| Your goal |
Find the line that holds "Yanlış bilinen 'efsane'" in the material below. Output that line and each one after it exactly, but not the pictures.

| Dataset section |
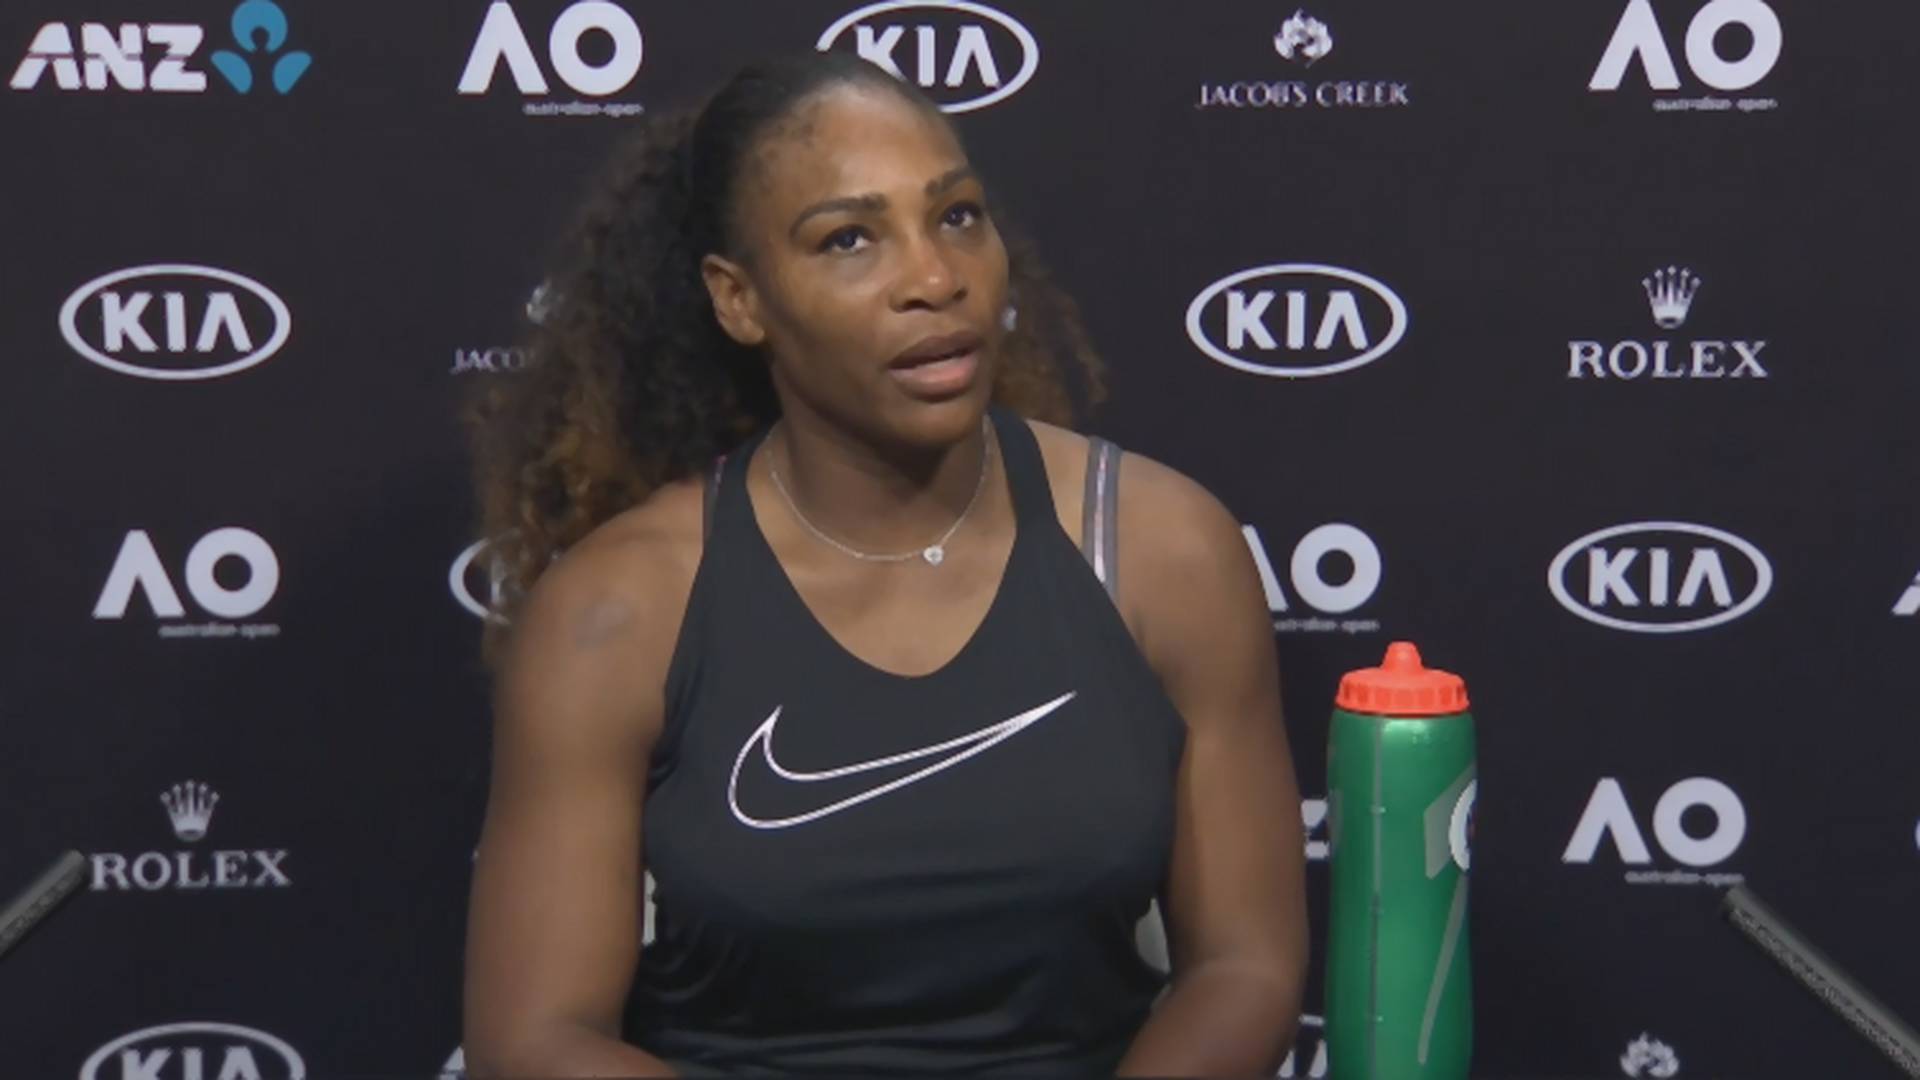 Ne kači se sa šampionkom: Serena opasno spustila bezobraznog novinara
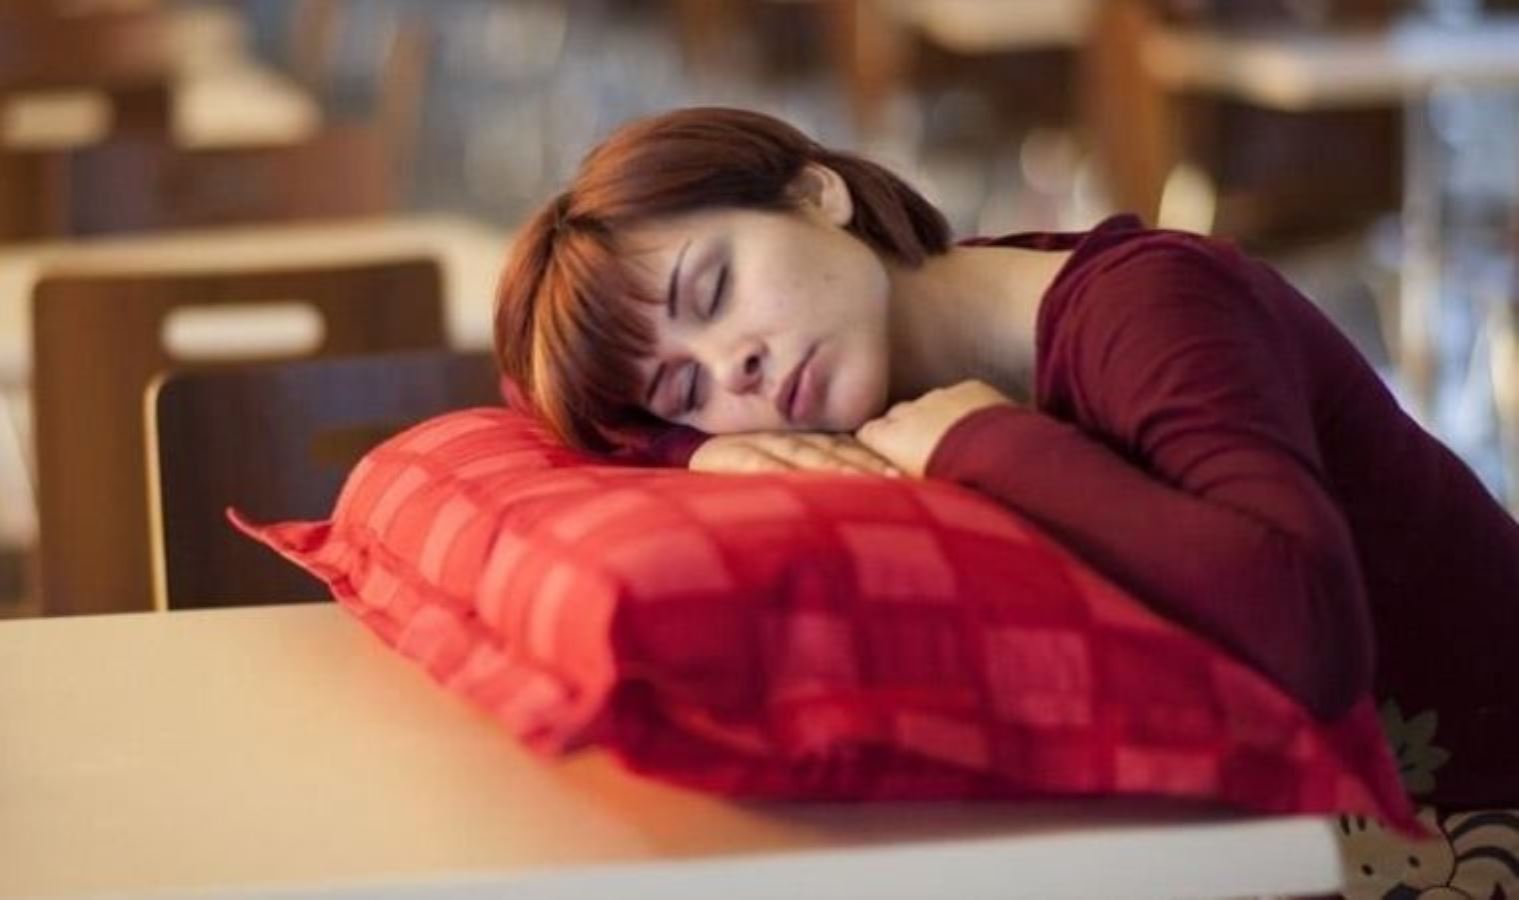 Yanlış bilinen 'efsane' tarih oldu: Uykusuzluk bir hastalık değildir!
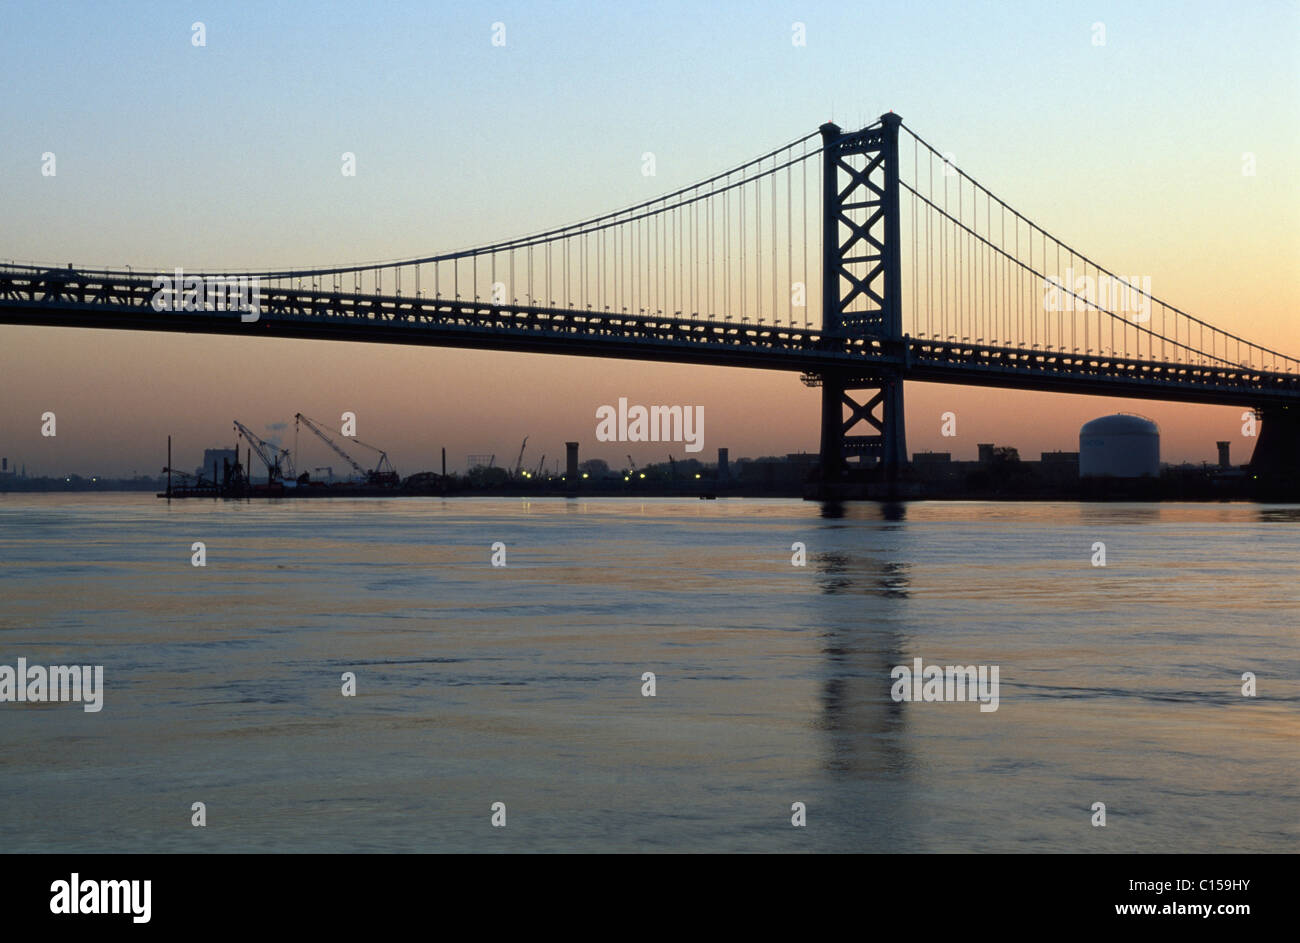 Benjamin Franklin Bridge at dusk Stock Photo
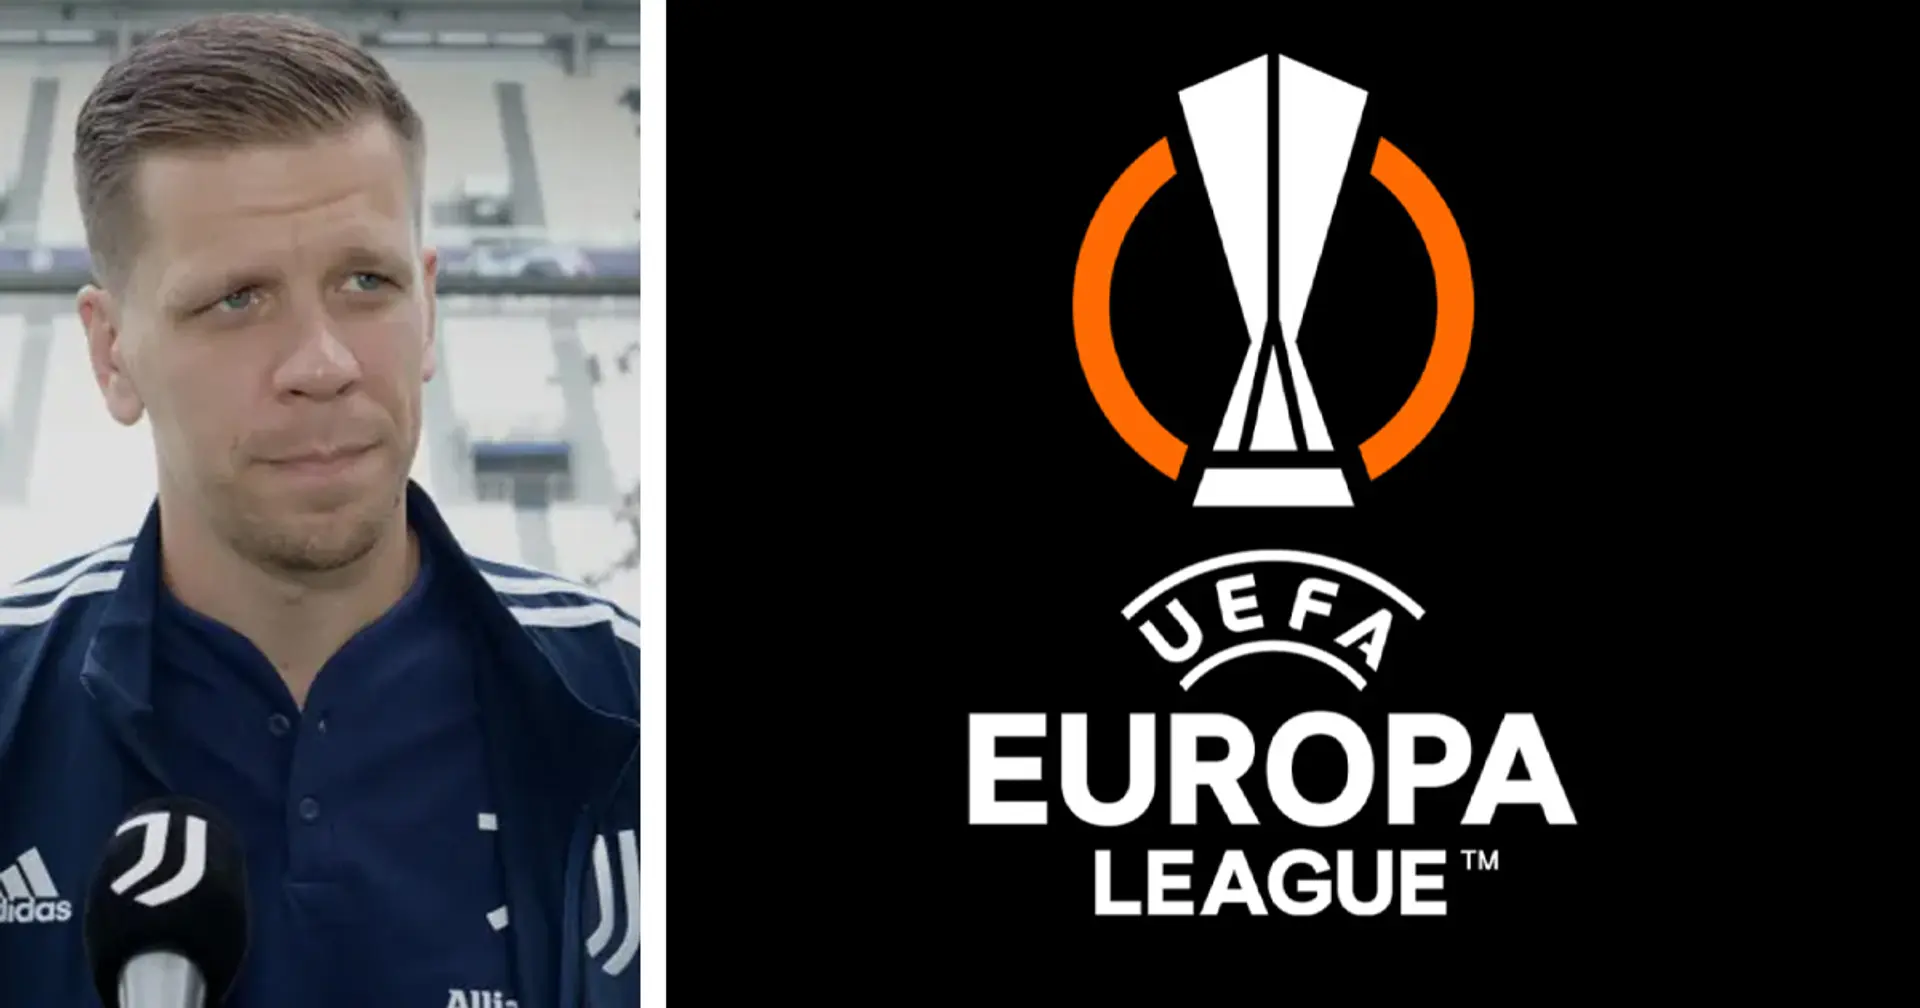 "Giochiamo per vincerla": Szczesny non 'snobba' l'Europa League, e manda un messaggio alla Juventus

| Answer area |
 Yanlış bilinen 'efsane' tarih oldu: Uykusuzluk bir hastalık değildir!
 Benjamin Franklin Bridge at dusk Stock Photo
 "Giochiamo per vincerla": Szczesny non 'snobba' l'Europa League, e manda un messaggio alla Juventus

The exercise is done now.